> [Extracted data]
Start of Block

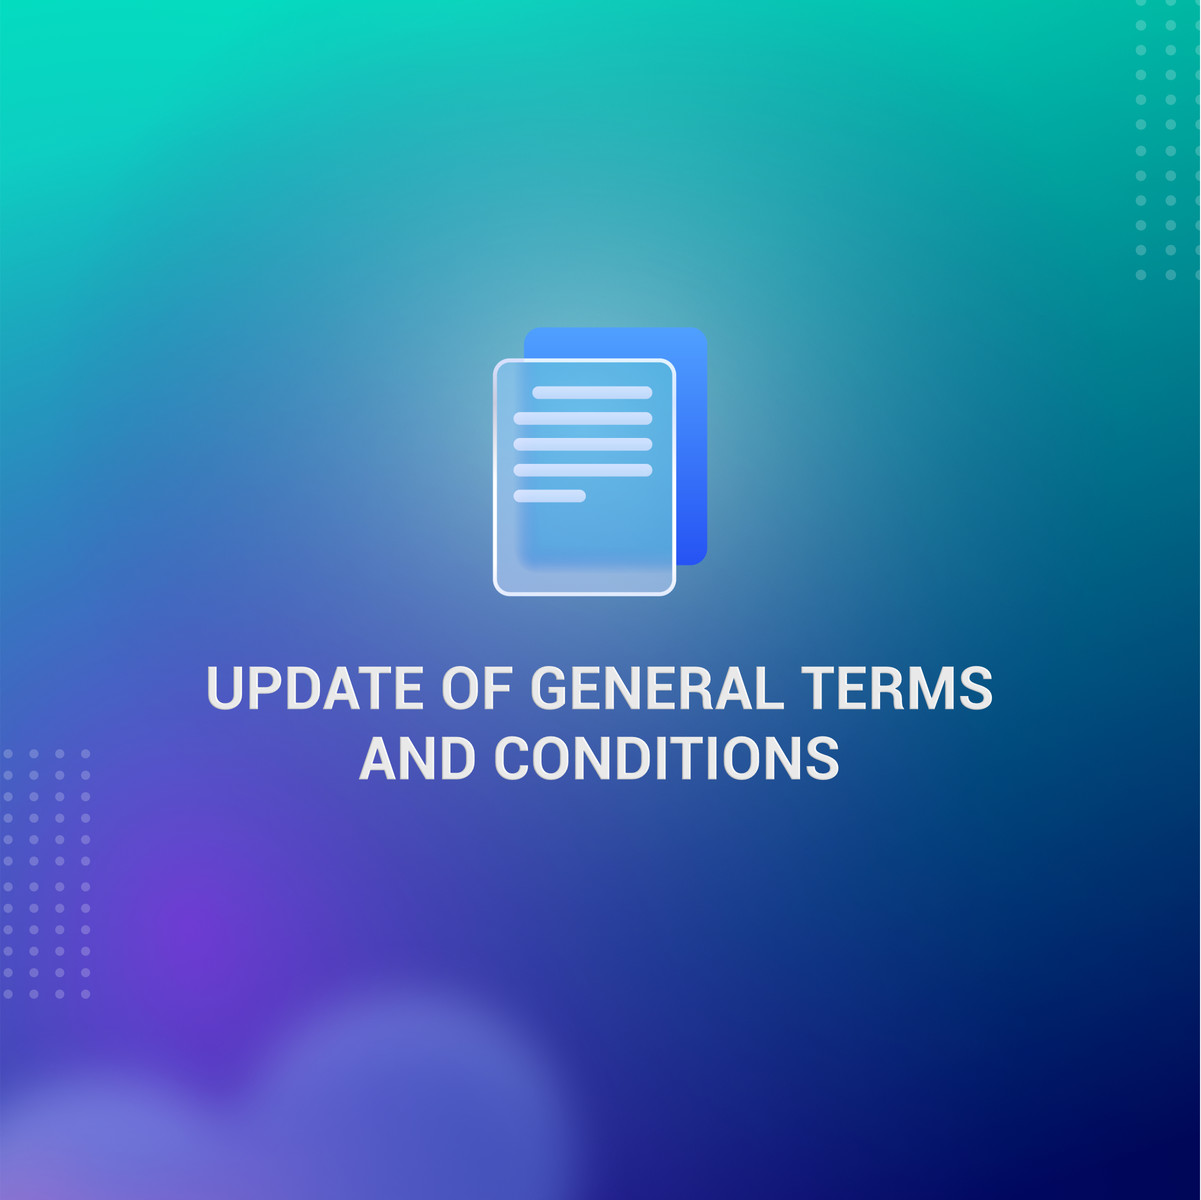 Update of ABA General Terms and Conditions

End of Block
Start of Block

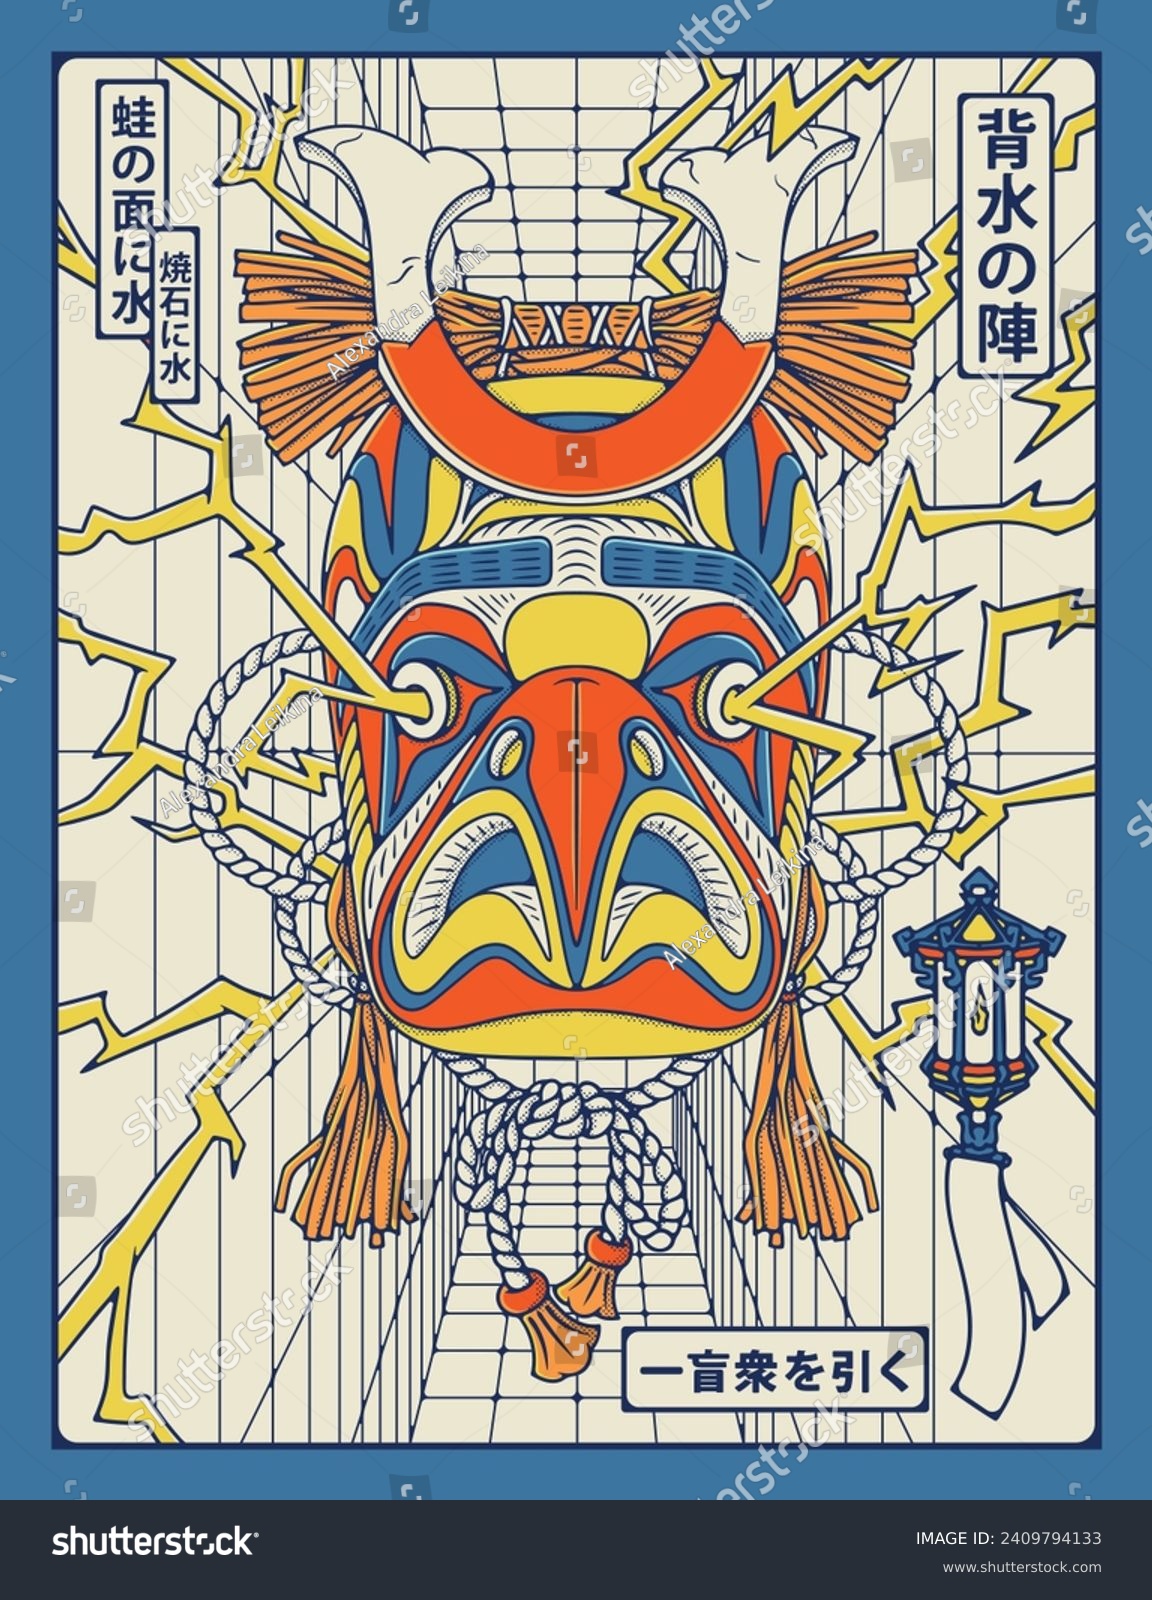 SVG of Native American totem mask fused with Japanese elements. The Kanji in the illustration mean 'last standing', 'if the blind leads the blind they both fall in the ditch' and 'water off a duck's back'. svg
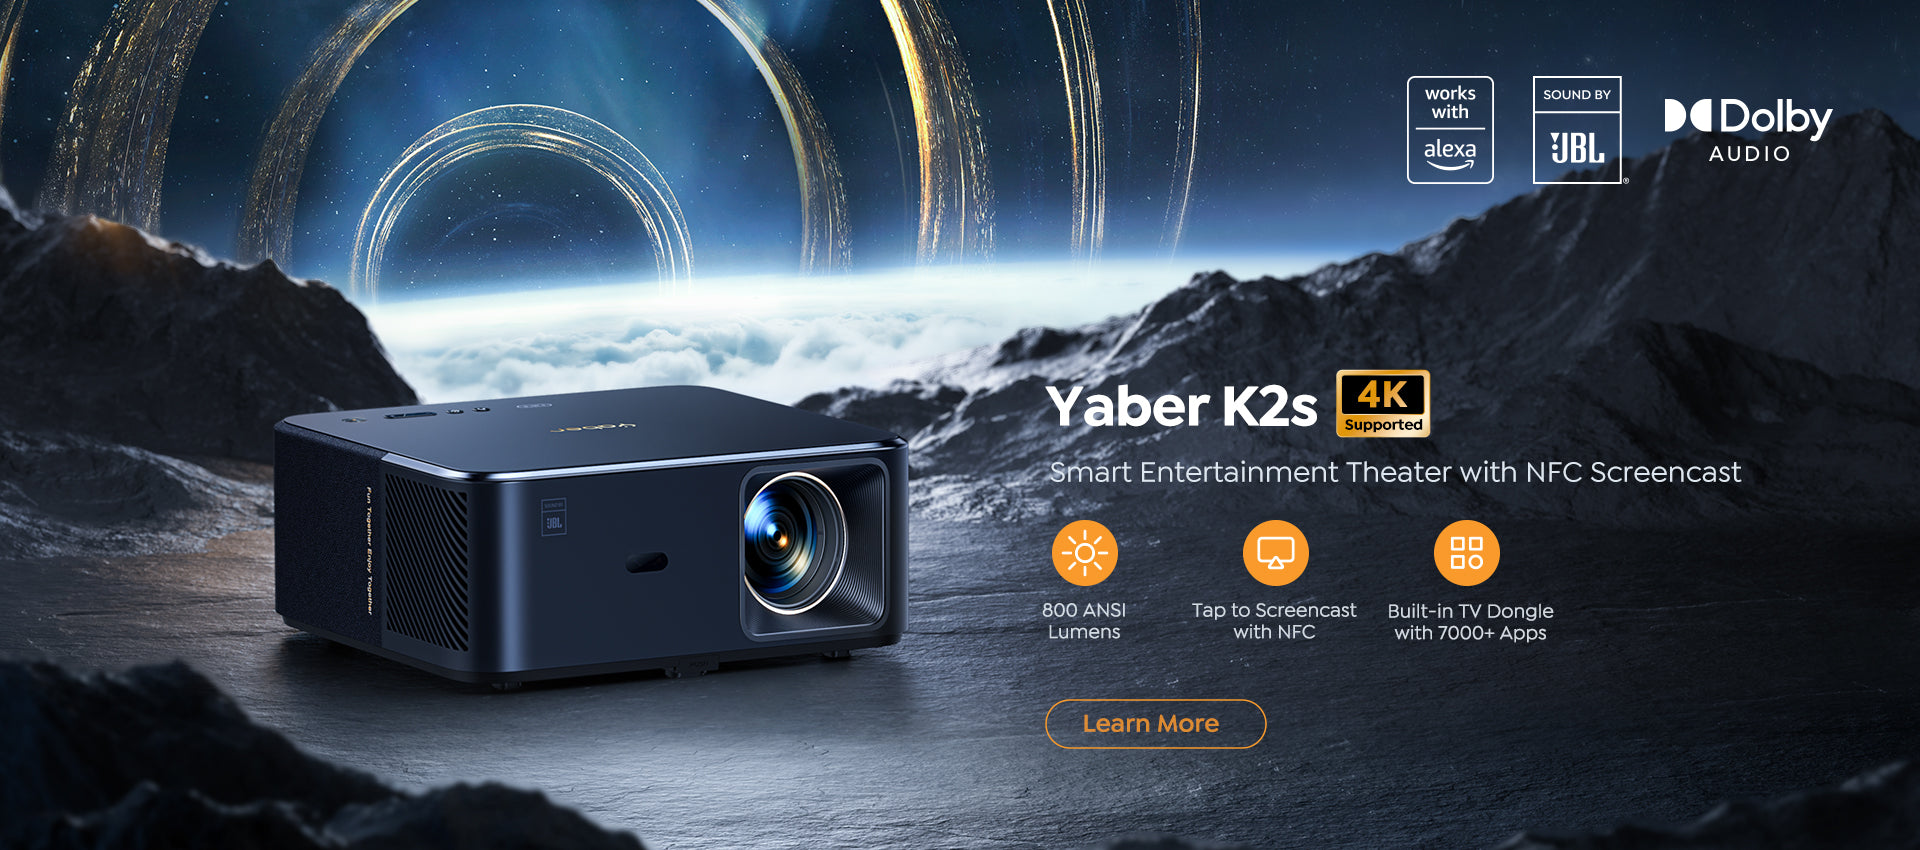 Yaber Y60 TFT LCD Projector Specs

End of Block

> [Exercise instructions] Copy needed, without pictures: the lines of the listing above from the line containing "SVG of Native" up to and including the line containing "Yaber Y60 TFT LCD Projector Specs", set down exactly.

> [Written response]
 SVG of Native American totem mask fused with Japanese elements. The Kanji in the illustration mean 'last standing', 'if the blind leads the blind they both fall in the ditch' and 'water off a duck's back'. svg
 Yaber Y60 TFT LCD Projector Specs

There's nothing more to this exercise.